Books and Ivy League Admission

Books in Ivy Admission, The Ivies and Reading, Reading for the Ivy League

Read books for pleasure. It’ll help your case for admission. But try to avoid book series like “The Hunger Games,” or books that every kid in America reads.

Here’s an observation we’ve made in our many years in the business of highly selective college admissions: College applicants just don’t read. We imagine this doesn’t strike you as too surprising. High schoolers not being voracious readers isn’t exactly news. But for applicants to highly selective colleges, reading is — as the NBA stars like to say — fundamental! Grant Hill knows where it’s at. After all, the man is a Duke University graduate! Students who want to gain admission to America’s top colleges should be avid readers. They should have an insatiable intellectual curiosity. They should love learning. And what better way to learn than to read? We don’t know a better way. Unless you’re David Boies, the master litigator who happens to be Dyslexic and so got through law school by essentially memorizing verbatim everything his professors taught him (as chronicled in Malcolm Gladwell’s latest book “David vs. Goliath”).
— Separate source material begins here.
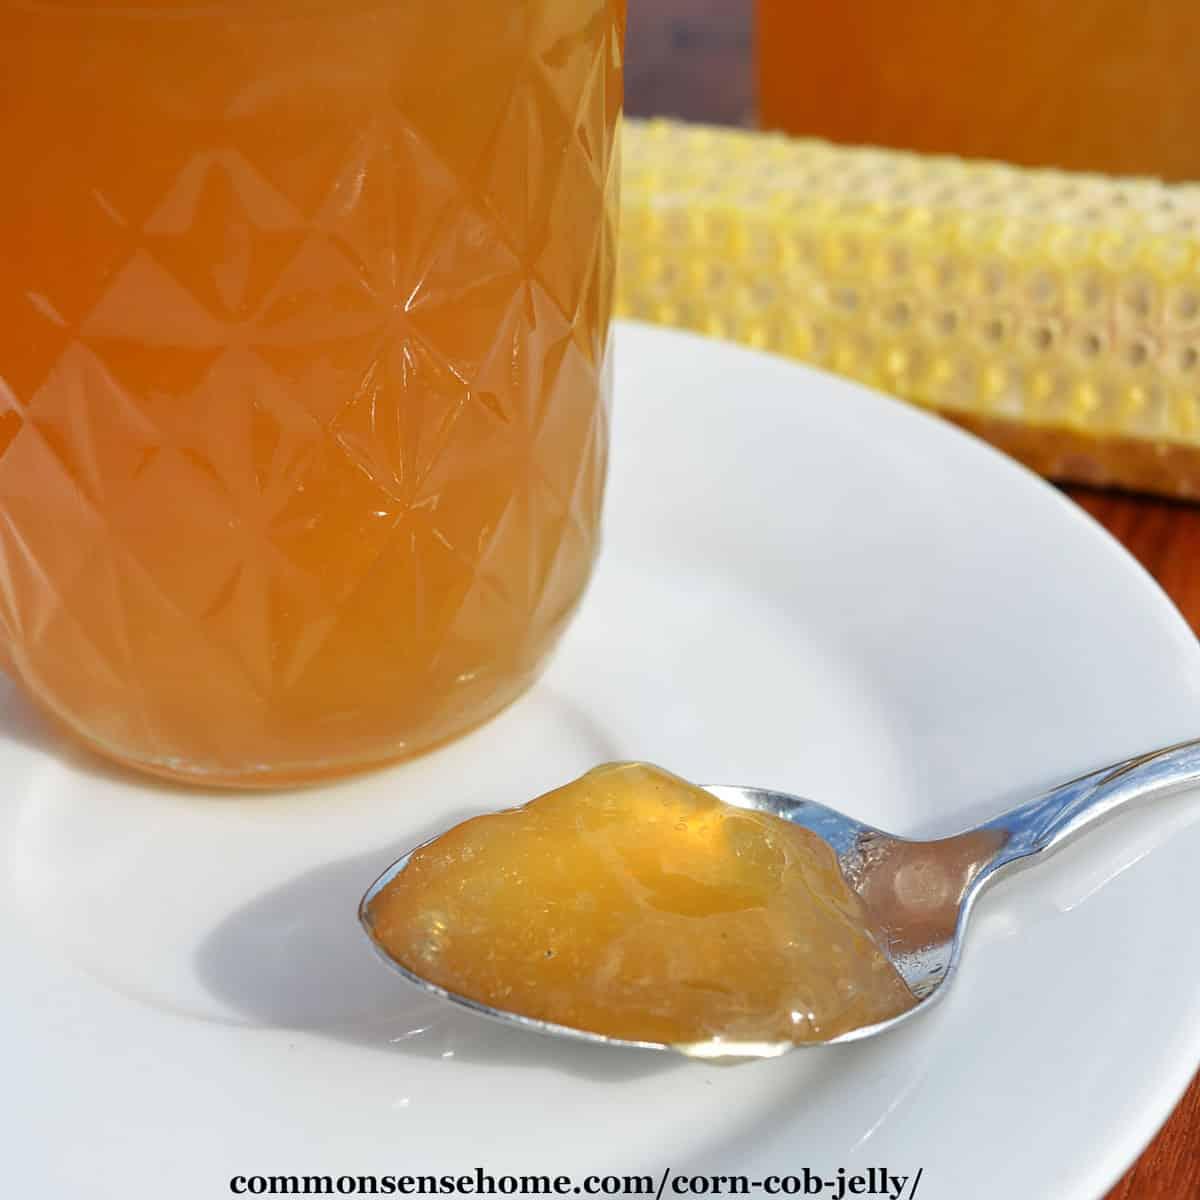 spoonful of corn cob jelly

Over these summer months, we encourage high schoolers to read┬ánot only because it’s a good thing to do, because it’ll make you smarter, because it’ll keep you out of trouble, but also because it will help your case for admission to highly selective colleges. Highly selective college admissions officers aren’t impressed that you read “The Great Gatsby” or “Hamlet.” Everyone and their mother knows that F. Scott Fitzgerald and Shakespeare are required reading in high schools across America. You read required reading? What an intellect! What an insatiable appetite for learning! That was sarcasm if you didn’t catch our drift…

So spend the summer reading for pleasure. Try to avoid books like “The Hunger Games” or “Divergent” or “Twilight.” No, we don’t have anything against Lionsgate in spite of us just listing their three major movie franchises. We just want you reading books that everyone else isn’t reading. March to the beat of your own drum, as Henry David Thoreau would say. See what we did there? We got that from reading. You can too.